201205230306.jpg

Greg Rucka’s novel Alpha has just come out, and it’s the debut of a whole new thriller series for him. To promote it, he’s doing the rounds, including a chat with Brian Michael Bendis for publisher Mulholland Books. You really need to read the whole thing. It’s quite a relaxed and candid conversation:

BMB: Or just the entitlement. I’m here now. Congratulations to you—I’m here. We’ve now been in it long enough now to where we see people come and go. We’ve seen the crash and burn, and you can see the crash and burn coming down the street. The only thing shocking thing about it now is that it used to take a two year solid arc of crash and burn, right? Now it’s eight months and you’re out. With all this entitlement, sometimes our names are brought up in it. Why do they get this? Without any self-awareness of how obnoxious it is and stuff like that. But it’s fascinating to see. Whatever road we’re on is littered with the corpses of entitlement.

GR: That entitlement factor I think—you and I work very differently. I think one of the things that we recognize in each other, really from the first time we met—I remember when you came to Portland—you and I have always taken the craft very seriously. I sometimes feel in my more darker and self-aware moments, I wonder if I put too much stock in that faith in craft. But at the end of the day, it’s all I got because it’s the only thing you can control.


In Part two, the talk turns to Rucka’s webcomic venture, Lady Sabre & The Pirates of the Ineffable Aether (above).

BRB: How do you monetize it?

GR: I have no idea. It’s totally unfamiliar territory to me, and honestly, as a writer, I’ve always been sort of dangerously uninformed about the business side of things. I understand contracting and I understand the sales. But I don’t tend to follow it and I don’t tend to track it on my own work, certainly, and, in this instance, we’re all sort of figuring this out as we go. How are we going to do this? What’s it going to look like? How are we going to fund the trade? How are we going to sell the trade? Do we go to a publisher and say, hey, would you like to publish this trade? Or do we sell it on a website first, sell it by hand at shows? There’s a piece of me that wants to do that, just wants to let it be what it is. I don’t want to try to turn it into something else, if that makes sense. Right now it’s our indie-Webcomic-pulp-serial-let’s-have-some-fun-with-it thing, and I don’t want to try to make it into something that it’s not. It should be a form of entertainment and pretty and joyful and fun. And in the main it’s free. If people would turn around and give us some money for ancillary things, that would be great. We launched in July of last year. I’m hoping by July of this year we’ll be able to offer things that people will buy that we’ll be able to return to the investment that we put into it. But nobody’s looking to get rich off this.

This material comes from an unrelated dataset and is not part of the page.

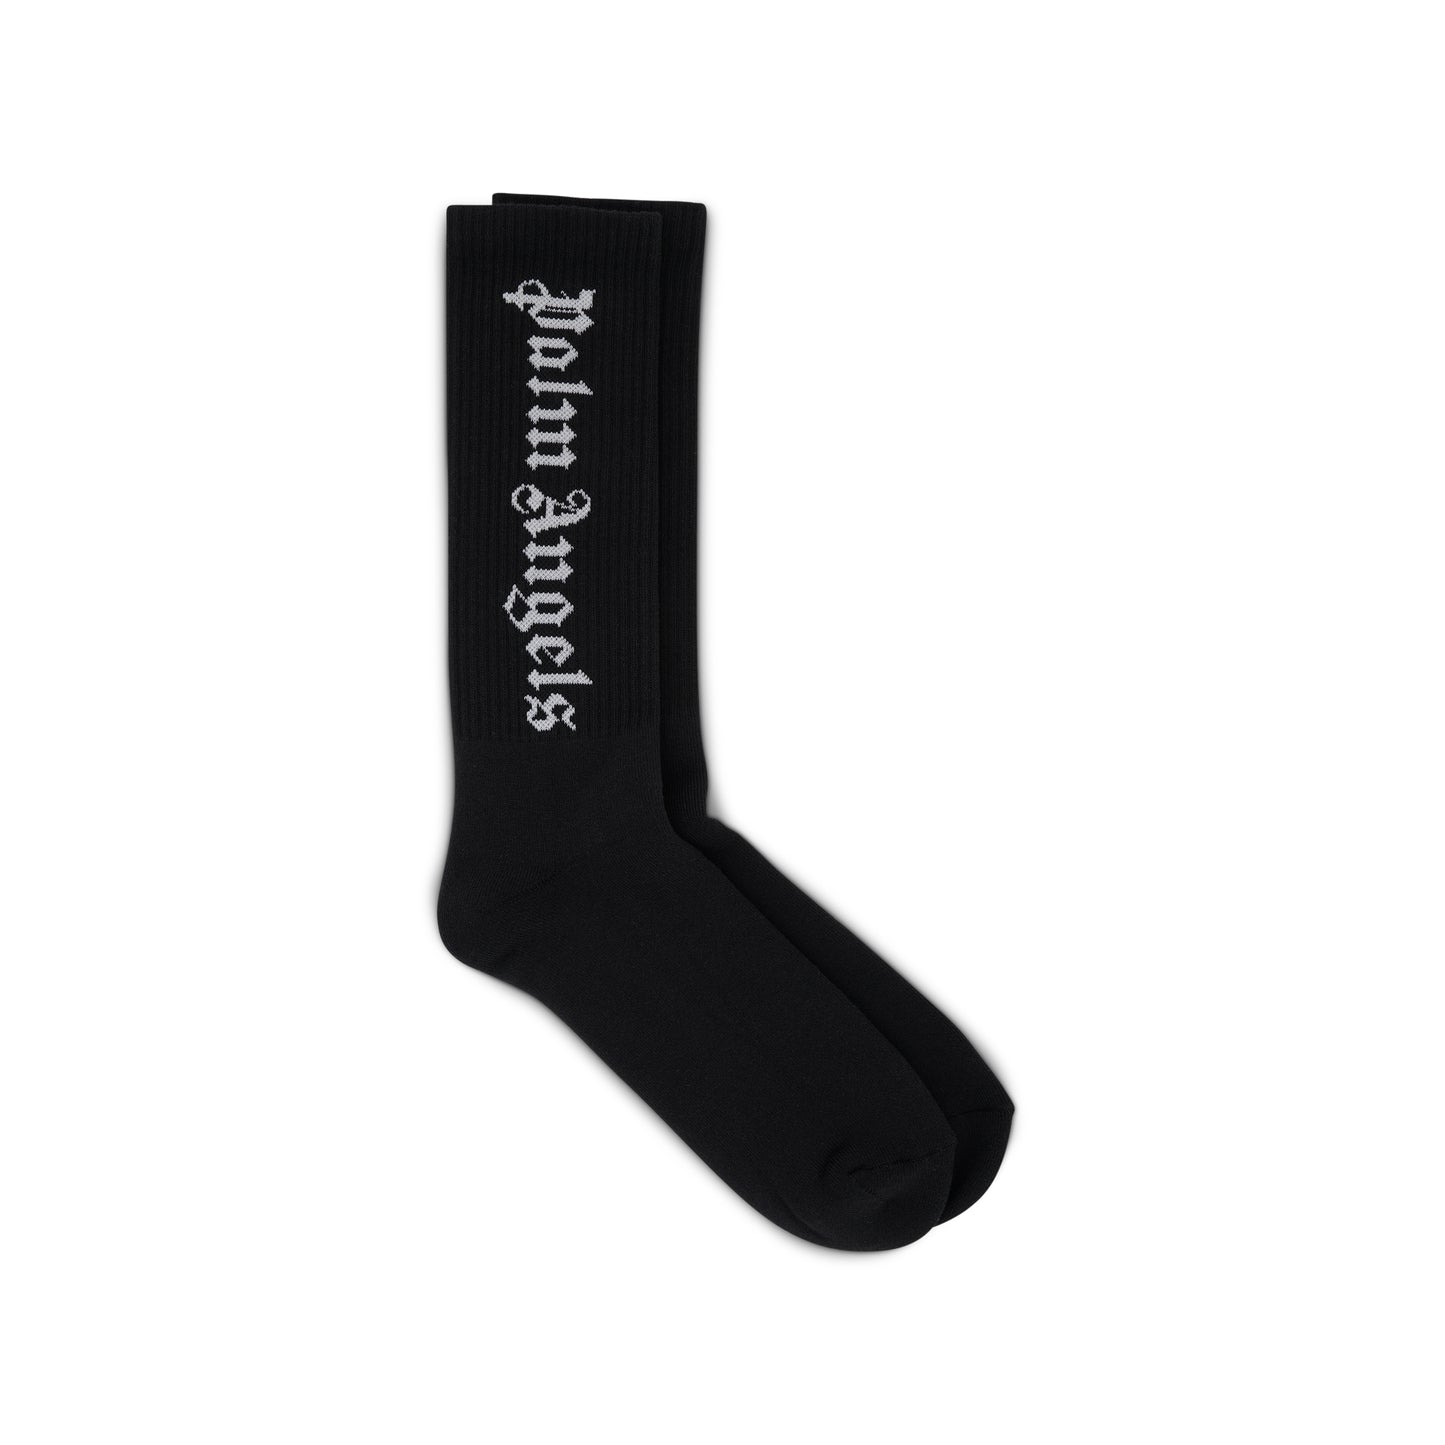 Vertical Logo Socks in Black/White

BMB: I’m curious of the business model of it myself, you know. Is there any way to make it worth your while on every level? I think of it like the Facebook movie—we don’t know what it is yet, we just know it’s cool. You don’t have to start selling it out in any way, and that’s some of the stuff that Warren [Ellis] does. There’s seemingly no intent to do anything but just do it, and that’s that. That’s completely doable as well, so. I’m always flattered and at the same time horrified when someone asks a question about a long defunct project that never saw the light of day. But you know which one you were going to do, that I was all excited about, that just sort of flittered away.


Among the other things discussed, Bendis’s desire not to do conventions, the status of the third WHITEOUT book, and more. Like we said, go read the whole thing…

1 COMMENT

  1. Who all were responsible for not noticing that Bendis’s initials were repeatedly misspelled as “BRB” in part two of the interview?

    SRS

  2. i absolutely cannot stand bendis’ writing or his normal comics-media interview style/tone, but it appears that when removed from those two things, i actually like hearing what he has to say. weirdness.

  3. One of the coolest, smartest, original and anti-sexist writers of the decade… being interviwed by one of the most overrated, sexist who´s nearly a functional analphabet… surreal art!